Cette approche unique rend le travail d’Elaine Chew particulièrement difficile à définir. « Mon projet se rattache-t-il plutôt à l’informatique, aux sciences humaines et sociales, à la psychologie ou aux arts ? s’interroge-t-elle. Il s’appuie aussi fortement sur mes connaissances mathématiques puisqu’il implique d’écrire des équations pour représenter des choses – en l’occurrence, la perception et la cognition de la musique. »
Le projet d’Elaine Chew réunit une équipe interdisciplinaire et complémentaire, dont les membres sont issus de disciplines académiques variées. Il donne aussi un rôle clé au public. « La performance musicale n’est pas réservée aux musiciens de formation, précise-t-elle. Tout le monde écoute de la musique. Inclure le public nous aide à comprendre jusqu’à quel point ce que la musique communique est transmissible, et ce qui est naturellement perçu. »
« La musique peut nous pousser aux limites de ce qui est humainement possible et réalisable »
- 1Créé en 2007, l’European Research Council - Conseil Européen de la Recherche - fait partie du programme-cadre européen finançant la recherche et l’innovation (Horizon 2020).
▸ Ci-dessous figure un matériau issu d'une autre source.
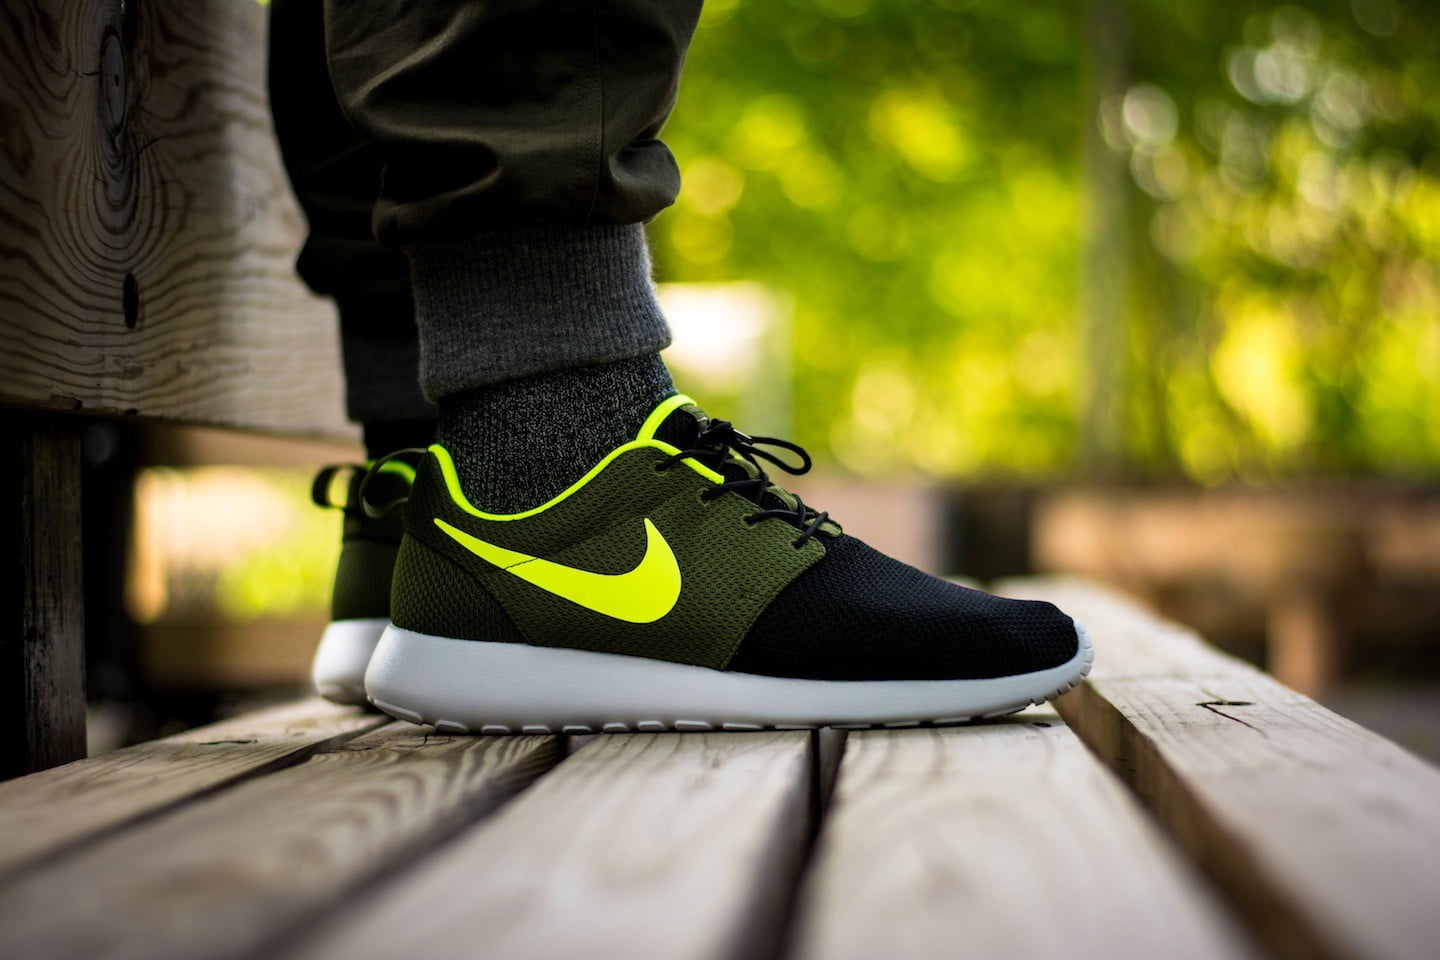 pair of black-yellow-and-white Nike Roshe Run sneakers, low section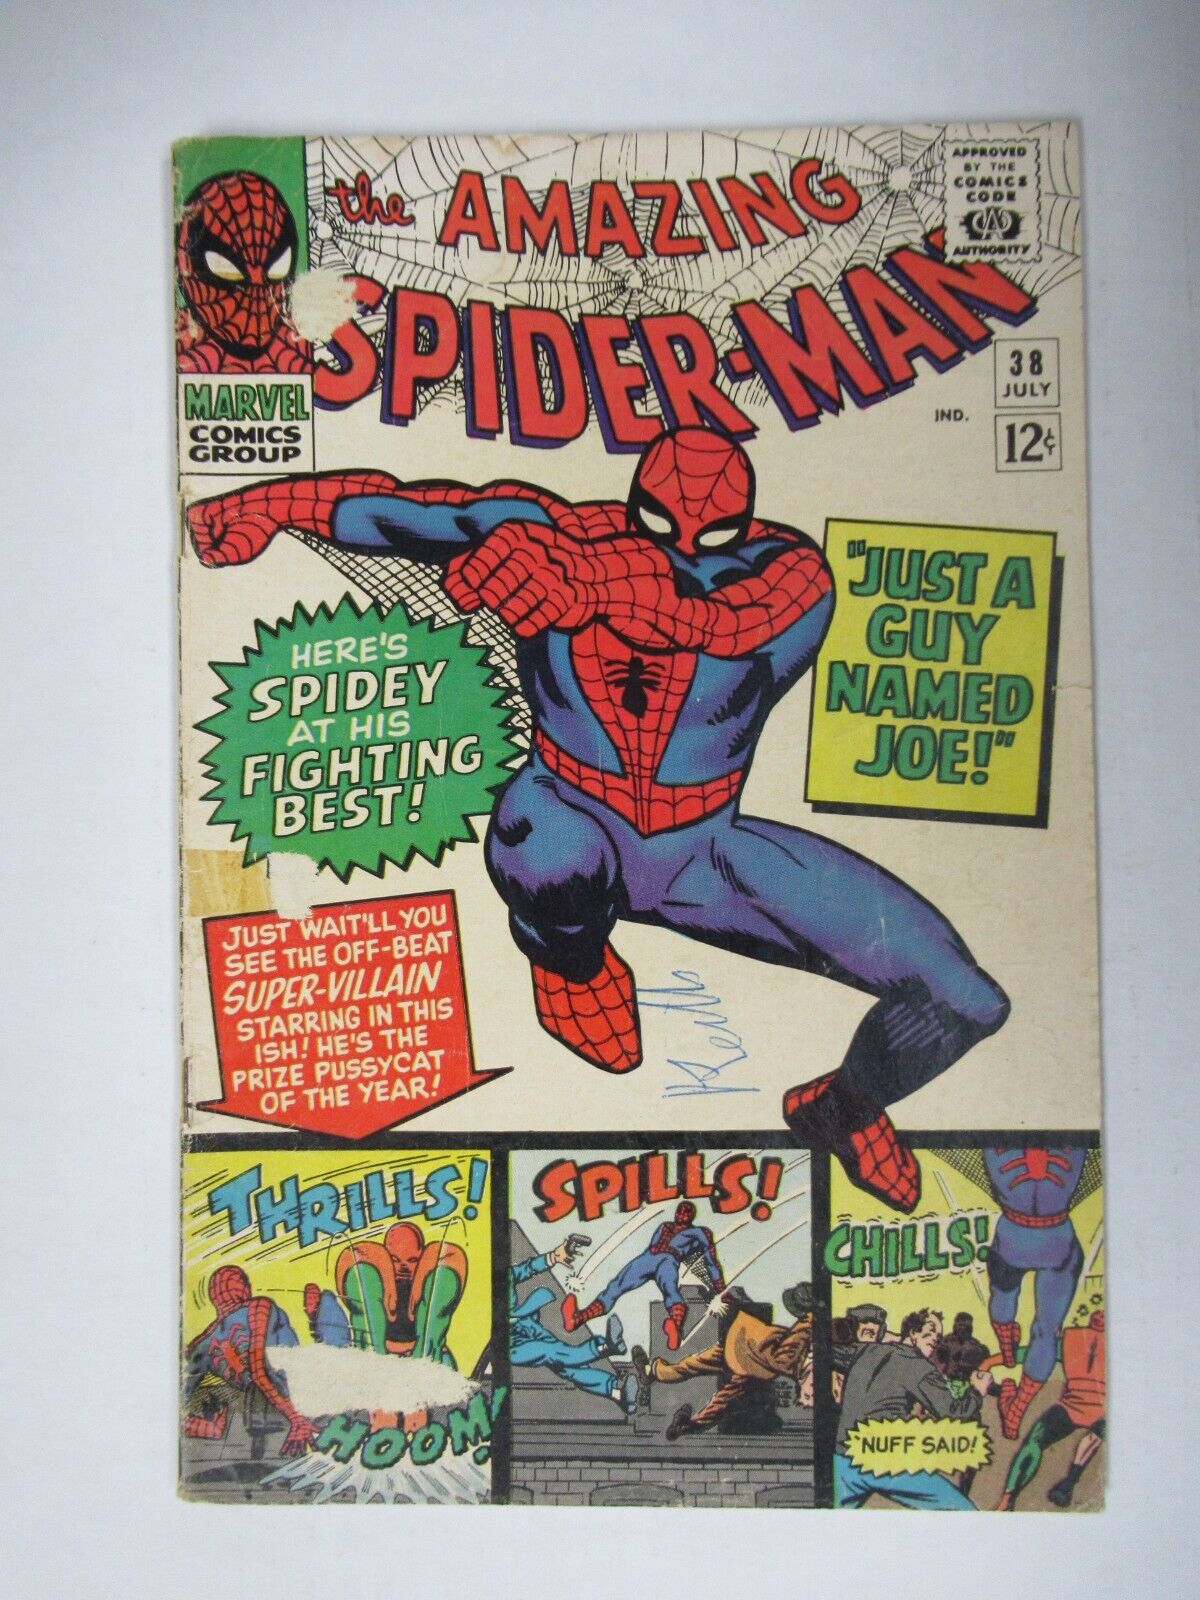 1966 Marvel Comics The Amazing Spider-Man #38 2nd Mary Jane Last Ditko issue

Il est présidé par le mathématicien français Jean-Pierre Bourguignon depuis décembre 2013.
La musique comme médecine
Avec son équipe, Elaine Chew travaille actuellement sur une plateforme de science citoyenne (appelée aussi science participative). Appelée CosmoNote, cette plateforme sera utilisée pour mener plusieurs séries d’études musicales participatives, ciblant divers groupes d’individus. L’objectif est que la plateforme soit attractive et ludique afin de permettre à l’équipe de mener à bien ses analyses sur la performance et la perception musicale.
L’expérience vise à accroitre la compréhension de l’équipe de la performance musicale, et pourrait mener à des applications intéressantes, notamment dans le domaine de la santé. Pour Elaine Chew, cette approche mathématique pour décrire la performance musicale pourrait être utilisée pour décrire des signaux physiologiques corporels. Elle pourrait s’appliquer aux anomalies du rythme cardiaque par exemple, et ainsi fournir de nouvelles manière de représenter et de comprendre les variations dans l’arythmie cardiaque.
« Les musiciens décrivent des séquences et des structures variant dans le temps, et analysent leur déroulement, explique la chercheuse. Les techniques que nous utilisons pour traiter la musique peuvent aussi être utiles pour comprendre les signaux cardiovasculaires. »
« La musique touche toute l’expérience humaine. Elle nous détend, mais nous donne aussi envie de bouger, nous inspire et nous émeut. Il serait intéressant de permettre aux individus de façonner la musique pour qu’elle leur profite intellectuellement et mentalement, pas seulement physiquement. La musique peut nous pousser aux limites de ce qui est humainement possible et réalisable. »
A propos de la chercheuse
Elaine Chew est mathématicienne et pianiste de haut niveau. Elle est chercheuse senior au CNRS, au laboratoire Sciences et Technologies de la Musique et du Son (STMS, CNRS / Sorbonne Université / Ircam / Ministère de la Culture), et professeure invitée au King’s College de Londres. Elle a obtenu son doctorat au Massachusetts Institute of Technology (MIT) ou elle a travaillé sur la modélisation mathématique de la tonalité. En 2018, elle a obtneu une bourse ERC Advanced grant puis une bourse ERC Proof of Concept en 2020.